Vinyl spins its way back into the heart of San Clemente, California

Meet the man behind the turntable at Moldy Toes Records

Tom Rule, Owner of Moldy Toes Records (Brandon Drey/ Lariat)

Tom Rule drills T-shirt racks into a 4-foot divider in the middle of his new shop as  “Seven Year Ache” by Rosanne Cash spins in the background, blaring out the intermittent noise of the electric tool.

Off of the main drag in downtown San Clemente, California, one post unsympathetically sticks out just before the row of establishments comes to an end. Moldy Toes Records displays a logo of a disheveled man with a look of anguish and an electrocuted hair-do. The figure strikingly resembles Rule, the owner of the establishment.

“Black Sabbath or Tom Waits?” asks colleague Greg McCaughey. Tom Waits (of course). Changing the mood, he turns on “The Heart of Saturday Night.”

Rule finishes drilling as the record begins to spin. The first track starts and he moves toward the counter. He points out a flyer with information on a record show at a local high.

“I started doing them at San Clemente High School about three years ago to help out the music department,” Rule says. “We do two a year.”

The idea of the record show is for collectors and vendors to sell their lot in a common space while the entrance fee at the door goes to a good cause. For Rule, his motivation to start this fundraiser at San Clemente High School was personal.

“My son was in band and they were always struggling for money,” Rule says. “I remember asking him one night how come he wasn’t at the football game that night. He told me it was an away game and they didn’t have money for the bus. I just couldn’t comprehend that they had to pay to get taken to an event for their school. So, I started doing fundraisers with the school’s music director. It helped them out a lot.”

He participated in record shows for a long time. Then he hosted them in the 1980s.

“When my wife was going to school at UC Davis, I was involved with the college radio station,” he says. “Another station that I had worked at in the bay area did these quarterly shows and I introduced it to Davis. They loved it because they were cleaning out all their cupboards.”

Music lovers built their collection while Tom grew his own.

“My collection is close to 3,000,” he says. “I have kept almost every record I’ve ever bought since I was about 12.”

Rule doesn’t have a favorite album, “that just depends on what time of day it is and what I’ve been drinkin’,” he says.

He walks from behind the counter to the back of the shop where the vinyl is located.

“The atmosphere of the show is completely different then the record store,” he says. “It’s a whole different entity. It’s a lot more laid back, you know. I’d like to get live music going there. I’m thinking we could have DJ’s. The possibilities seem unlimited. It’s just more relaxed, you know? Except for my wife who has to be at the shop.

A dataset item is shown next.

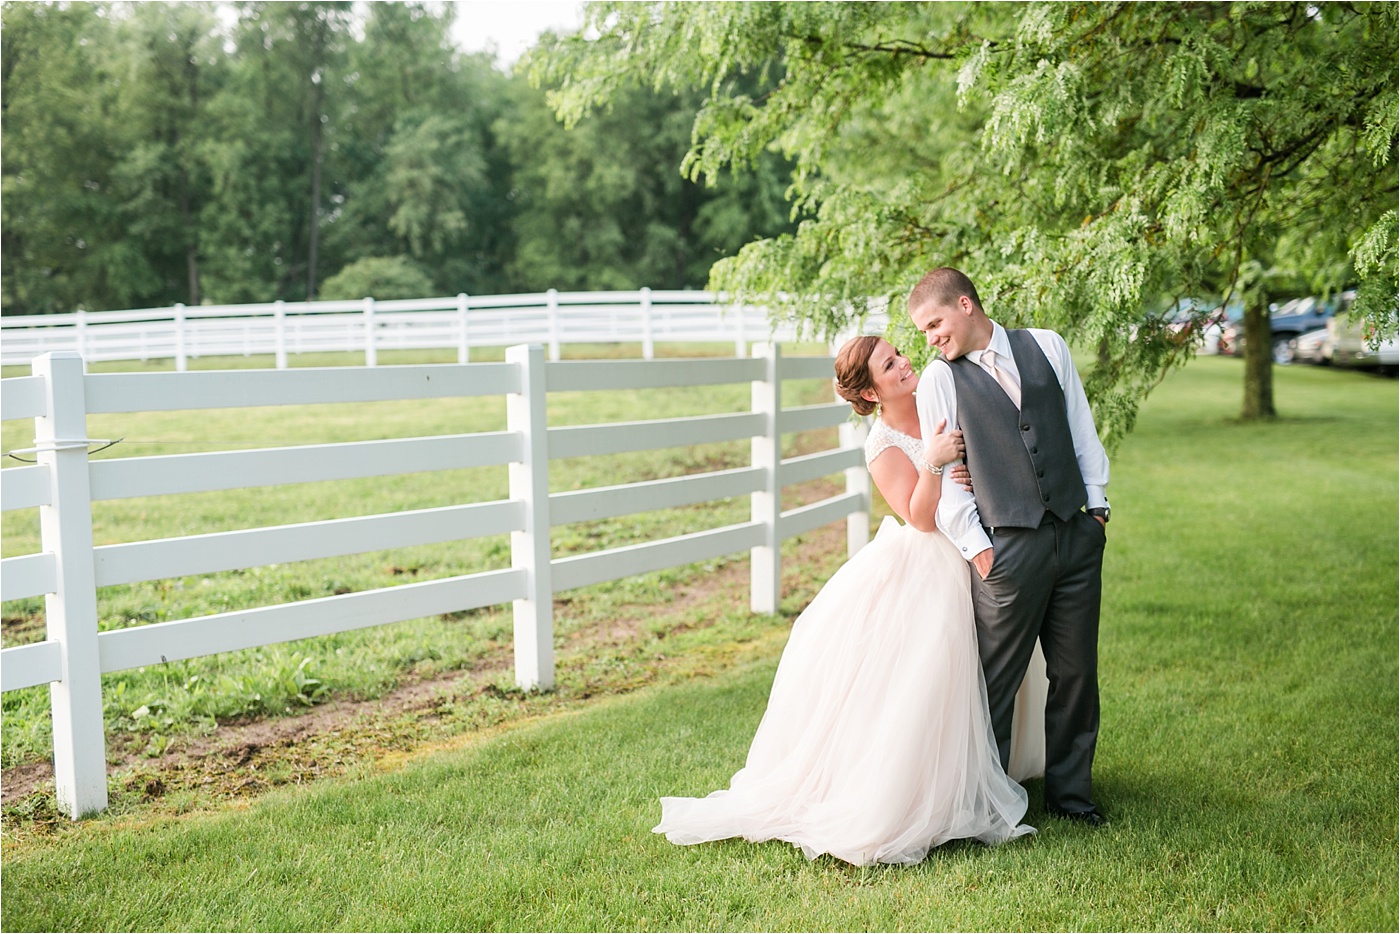 A Blush Outdoor wedding at Irongate Equestrian | KariMe Photography_0179

She is not relaxed when she’s here.”

Rule has been selling records for the last three decades. Twenty of those years were working for Tower Records after meeting “some really cool people” at Condor Records in San Juan Capistrano, California in the 1970’s. For the last four years he has run his own record shop which he says he’s been ”thinking about doing for a long, long time.”

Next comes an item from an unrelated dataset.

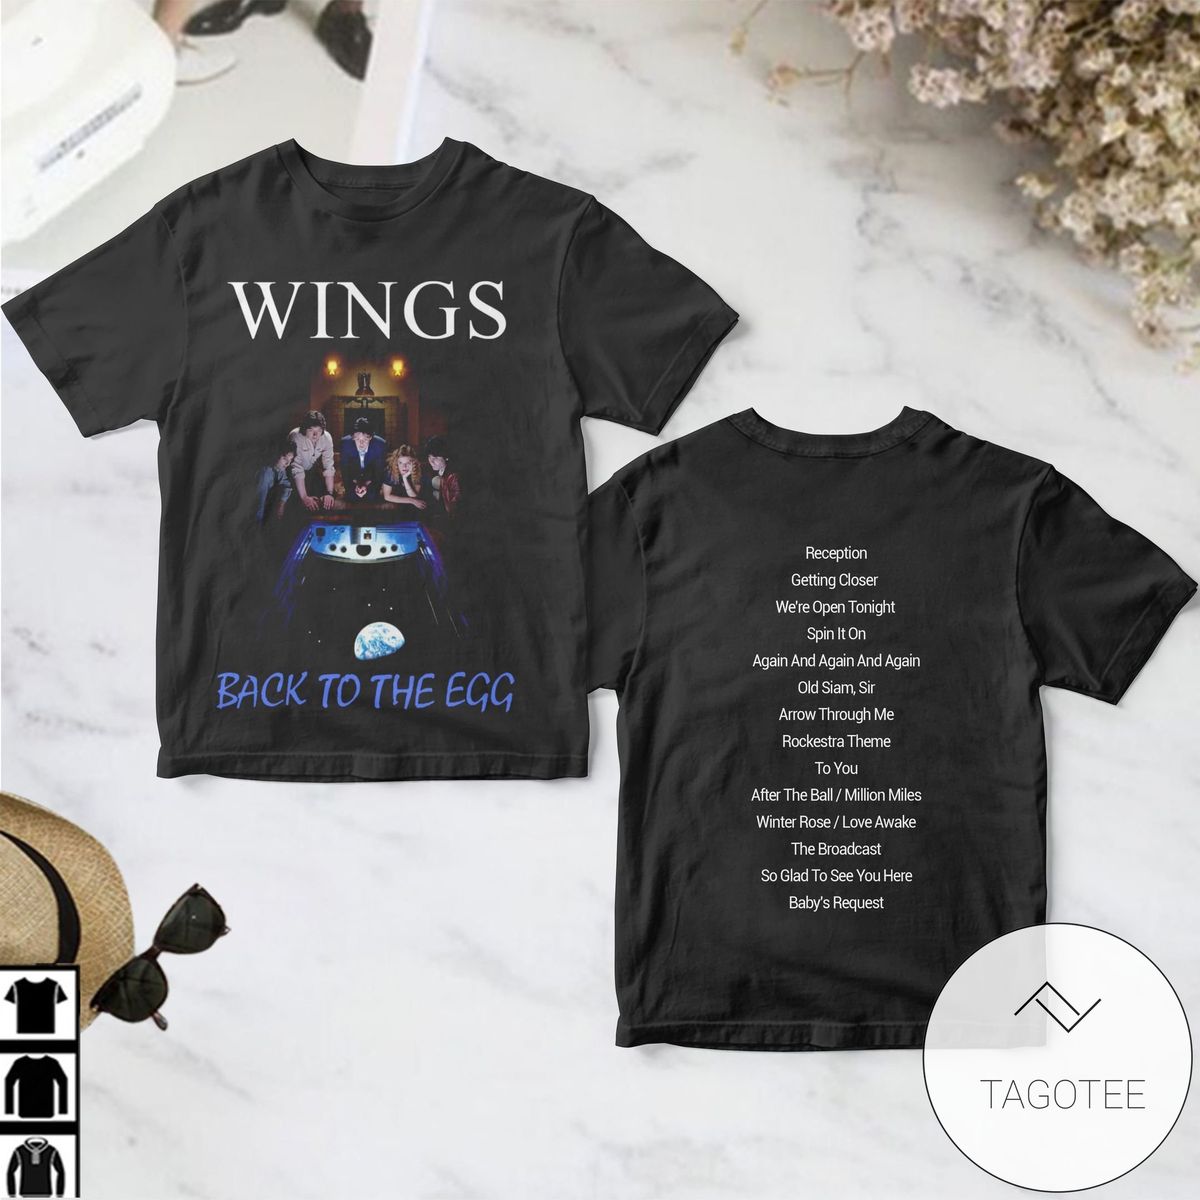 Paul Mccartney And Wings Back To The Egg Album Cover Shirt

The stores name, Moldy Toes derived from a song called “Smelly Tongues” by an avant-garde band called The Residents.

“I just wanted something that people would laugh at and remember,” Rule says.

Rule grew up in Orange County, California. Resided in places like Nashville, Tennessee, Ann Arbor, Michigan and Chicago, Illinois. He chose to open up his shop in San Clemente, California “because they have a cool happenin’ vibe.”

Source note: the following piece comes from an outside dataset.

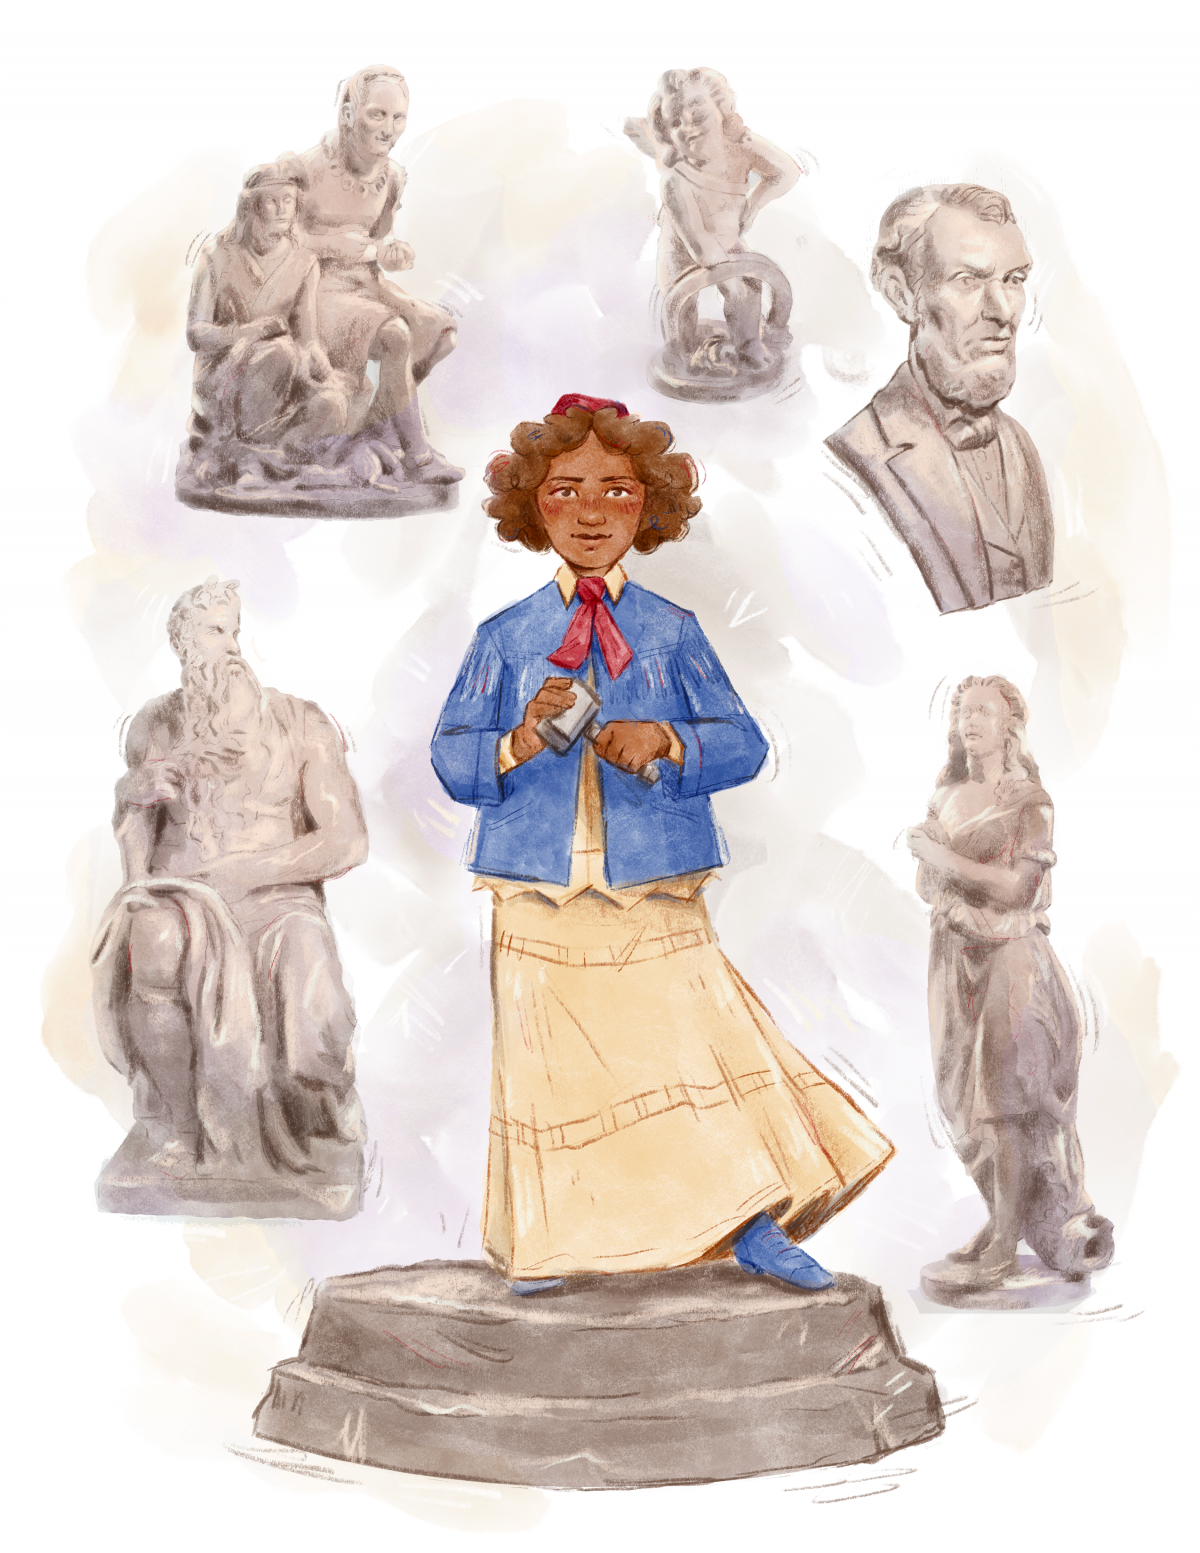 An illustration of a young Edmonia Lewis standing on a pedastal, surrounded by her sculptures.

The last track comes to an end from Waits record and the crackles and pops resurface as the main sound. Rule is already walking back toward the turntable to put on another album.

“I think one thing that makes Moldy Toes unique is we don’t use one dollar bills. We use 50 cent pieces, $1 coins and $2 bills,” he says.  “It’s semi-political. We don’t need a one dollar bill. It goes out of circulation on average about 26 months or something. You know, that one dollar coin will last until you lose it or gets chopped up by the lawn mower.”

Roxy Music’s album “For Your Pleasure” is up next. He lowers the needle until it gently begins to produce the sound of old vinyl pressed decades before this moment.